Secondary and tertiary structure elasticity of titin Z1Z2 and a titin chain model.

作者信息

Lee Eric H, Hsin Jen, Mayans Olga, Schulten Klaus

机构信息

Center for Biophysics and Computational Biology and Beckman Institute, College of Medicine, Department of Physics and Beckman Institute, University of Illinois at Urbana-Champaign, Urbana, IL, USA.

出版信息

Biophys J. 2007 Sep 1;93(5):1719-35. doi: 10.1529/biophysj.107.105528. Epub 2007 May 11.

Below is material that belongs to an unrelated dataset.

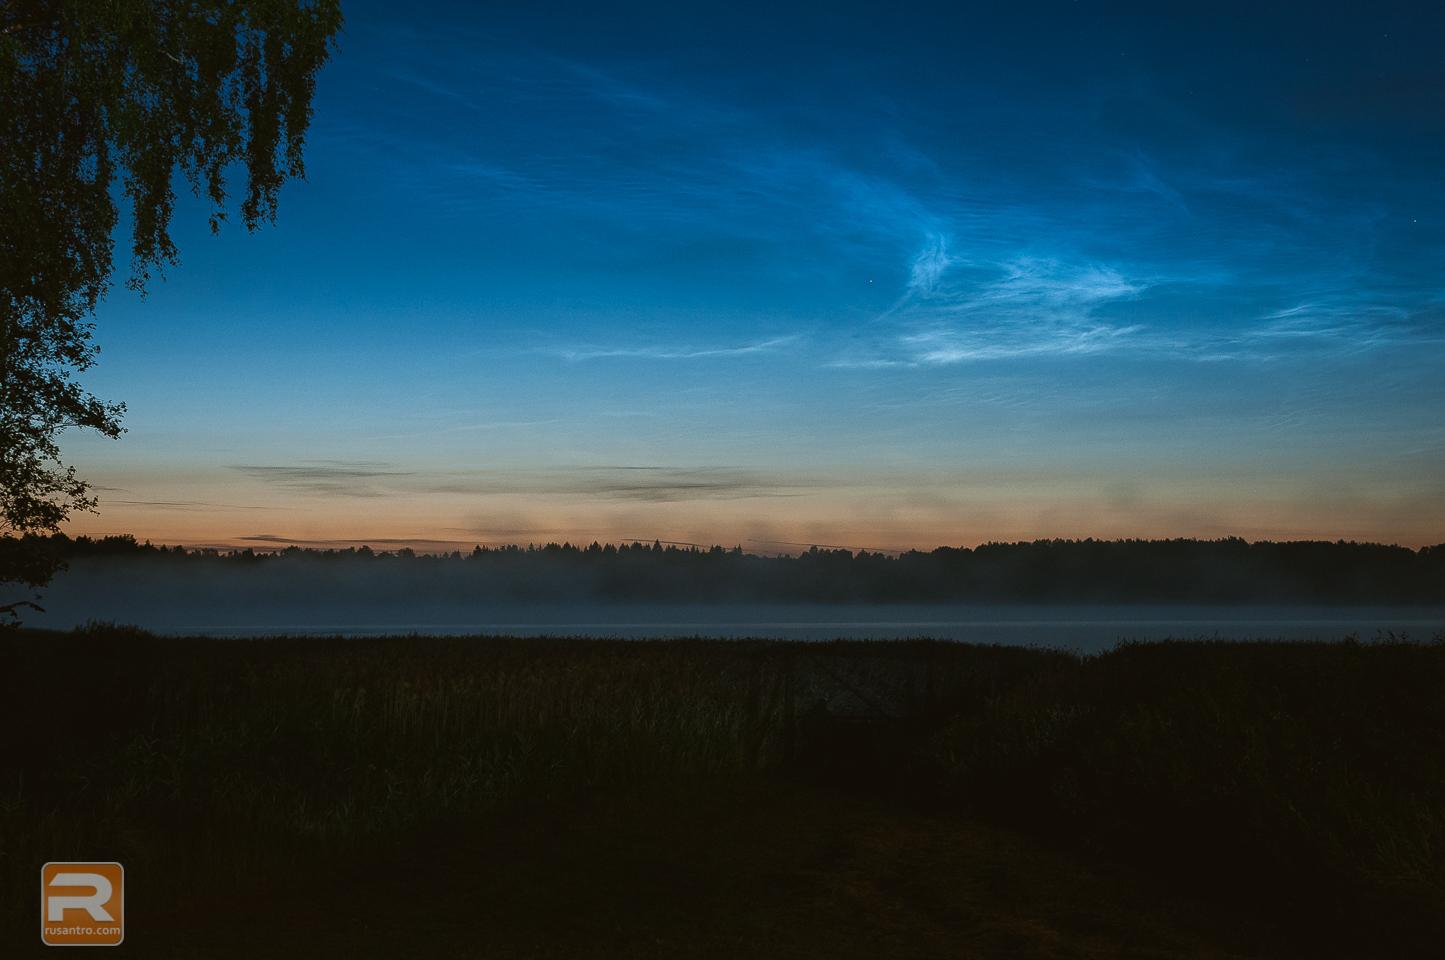 Sudrabainie mākoņi - Noctilucent cloud

DOI:10.1529/biophysj.107.105528
PMID:17496052
原文链接:https://pmc.ncbi.nlm.nih.gov/articles/PMC1948054/
Abstract

The giant protein titin, which is responsible for passive elasticity in muscle fibers, is built from approximately 300 regular immunoglobulin-like (Ig) domains and FN-III repeats. While the soft elasticity derived from its entropic regions, as well as the stiff mechanical resistance derived from the unfolding of the secondary structure elements of Ig- and FN-III domains have been studied extensively, less is known about the mechanical elasticity stemming from the orientation of neighboring domains relative to each other. Here we address the dynamics and energetics of interdomain arrangement of two adjacent Ig-domains of titin, Z1, and Z2, using molecular dynamics (MD) simulations. The simulations reveal conformational flexibility, due to the domain-domain geometry, that lends an intermediate force elasticity to titin. We employ adaptive biasing force MD simulations to calculate the energy required to bend the Z1Z2 tandem open to identify energetically feasible interdomain arrangements of the Z1 and Z2 domains. The finding is cast into a stochastic model for Z1Z2 interdomain elasticity that is generalized to a multiple domain chain replicating many Z1Z2-like units and representing a long titin segment. The elastic properties of this chain suggest that titin derives so-called tertiary structure elasticity from bending and twisting of its domains. Finally, we employ steered molecular dynamics simulations to stretch individual Z1 and Z2 domains and characterize the so-called secondary structure elasticity of the two domains. Our study suggests that titin's overall elastic response at weak force stems from a soft entropic spring behavior (not described here), from tertiary structure elasticity with an elastic spring constant of approximately 0.001-1 pN/A and, at strong forces, from secondary structure elasticity.

摘要

巨大的肌联蛋白负责肌肉纤维的被动弹性,它由大约300个规则的免疫球蛋白样(Ig)结构域和纤连蛋白III型重复序列组成。虽然源于其熵区域的软弹性以及源于Ig和FN-III结构域二级结构元件展开的刚性机械阻力已得到广泛研究,但对于相邻结构域彼此相对取向产生的机械弹性了解较少。在这里,我们使用分子动力学(MD)模拟来研究肌联蛋白两个相邻Ig结构域Z1和Z2的结构域间排列的动力学和能量学。模拟揭示了由于结构域-结构域几何形状导致的构象灵活性,这赋予了肌联蛋白中等的力弹性。我们采用自适应偏置力MD模拟来计算将Z1Z2串联打开所需的能量,以确定Z1和Z2结构域在能量上可行的结构域间排列。这一发现被纳入一个Z1Z2结构域间弹性的随机模型,该模型被推广到一个复制许多Z1Z2样单元并代表长肌联蛋白片段的多结构域链。该链的弹性特性表明,肌联蛋白从其结构域的弯曲和扭转中获得了所谓的三级结构弹性。最后,我们采用定向分子动力学模拟来拉伸单个Z1和Z2结构域,并表征这两个结构域的所谓二级结构弹性。我们的研究表明,肌联蛋白在弱力下的整体弹性响应源于软熵弹簧行为(此处未描述)、弹性弹簧常数约为0.001 - 1 pN/Å的三级结构弹性,以及在强力下的二级结构弹性。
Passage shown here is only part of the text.